Qui pourrait le contester ? Les places sociales les plus élevées et les avantages qui leur sont afférents, en termes de revenu ou de reconnaissance, doivent être ouverts à tous dans une condition d'égalité des chances. C'est le mérite qui doit être récompensé, non l'appartenance à une classe sociale qui accorde aux uns des places dont les autres sont naturellement privés et à laquelle ils ne pourront jamais accéder. Nul n'admettrait aujourd'hui que la répartition héréditaire des charges et des bénéfices constitue le modèle d'une société juste. Parce qu'elle fixe chacun dans un état de la hiérarchie sociale qui est définitif, elle ignore cette mobilité qui offre à tous, quelque soit son point de départ dans la société, la possibilité de s'élever jusqu'au sommet. La dynamique de l'ascension sociale est commandée par le principe du mérite et nos démocraties s'honorent de n'admettre d'autre raison aux inégalités, ainsi légitimées, qui distinguent les individus entre eux. S'il est un défaut à ce système, il ne réside pas dans ses principes, mais dans sa mise en œuvre qui n'est jamais à la hauteur des exigences, quoique ce soit à des degrés variables d'imperfection. La mobilité sociale se fige dans la reproduction d'élites qui se perpétuent par toutes sortes de moyens, les places les meilleures – par exemple, l'accès aux écoles les plus prestigieuses - étant très largement réservées aux mêmes catégories socio-professionnelles, de sorte que c'est une tâche à jamais recommencée que de donner sa chance à chacun. Les politiques publiques divergeront dans la réalisation de cette finalité – faut-il, par souci d'équité, favoriser ou non la discrimination positive ? - mais l'objectif ne fait pas débat. Tout individu a un droit naturel à pouvoir réaliser ses talents et ses compétences, puis à bénéficier des avantages de ce qu'il ne doit qu'à lui seul. Cet idéal méritocratique aura nourri les discours des hommes politiques de tous bords, mais est-il sans conséquence ni prix à payer ?

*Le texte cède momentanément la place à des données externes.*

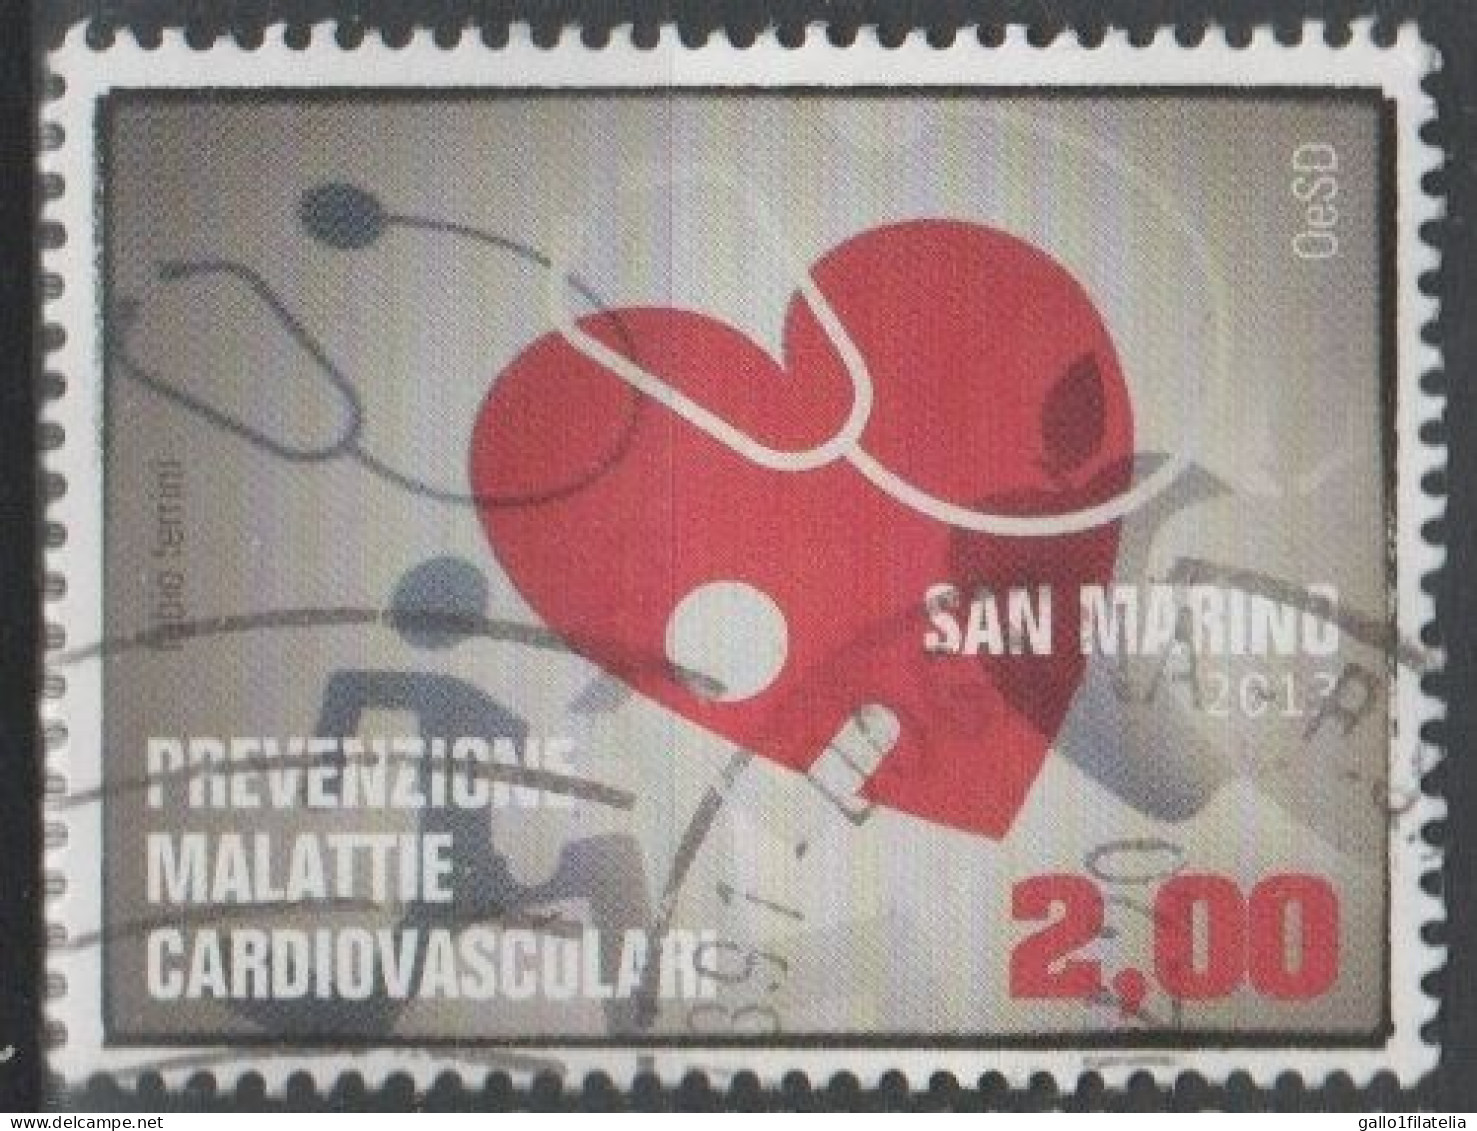 2013 - SAN MARINO - PREVENZIONE MALATTIE CARDIOVASCOLARI / PREVENTION OF CARDIOVASCULAR DISEASES. USATO - Usati

Ce modèle qui remplace, en théorie du moins, les aristocraties de lignage par des aristocraties du talent et dans lesquelles la distribution des places est rebattue en permanence, constitue-t-il la meilleure manière de nouer des relations de civilité et de solidarité entre les citoyens d'une communauté politique unis dans la poursuite du bien commun ? Ne présuppose-t-il pas plutôt la compétition permanente entre des individus, mus par la seule considération de leur intérêt particulier, en vue de l'obtention des places les plus avantageuses ? De fait on hésite à qualifier ces compétiteurs, où les gagnants se séparent des perdants, de « citoyens », car la notion de citoyenneté (au sens classique de la civitas) répond à une conception profondément différente du lien social. Est-il seulement possible d'établir des liens civiques sur de telles bases ? Les présupposés d'une société méritocratique rendent tout à fait impossible de susciter entre les citoyens des liens de loyauté et de dévouement de chacun au bien public que la tradition appelle « le républicanisme civique » ou le « vivere civile ». C'est là une objection fondamentale.
Il se pourrait même que la crise de la civilité, de la commune appartenance à une société dont les citoyens se sentent membres et à laquelle ils tiennent profondément, soit le résultat de ce que Michael Sandel appelle « la tyrannie du mérite »1. De fait, telle est la thèse principale qu'il soutient et argumente patiemment dans son dernier livre*, non encore traduit en français. Près de quarante après la publication du Libéralisme et les limites de la justice, dans lequel il avait longuement discuté la critique du mérite que John Rawls mène dans sa Théorie de la justice, il revient sur la question, d'une manière moins spéculative, et il l'aborde, non à partir d'une ontologie de l'identité, mais dans un contexte social et politique marqué par l'apparition, dans nos sociétés démocratiques contemporaines de puissants mouvements populistes : l'élection en 2016 de Donald Trump à la présidence des États-Unis, le Brexit au Royaume-Uni, la montée des partis extrémistes et souverainistes en Europe.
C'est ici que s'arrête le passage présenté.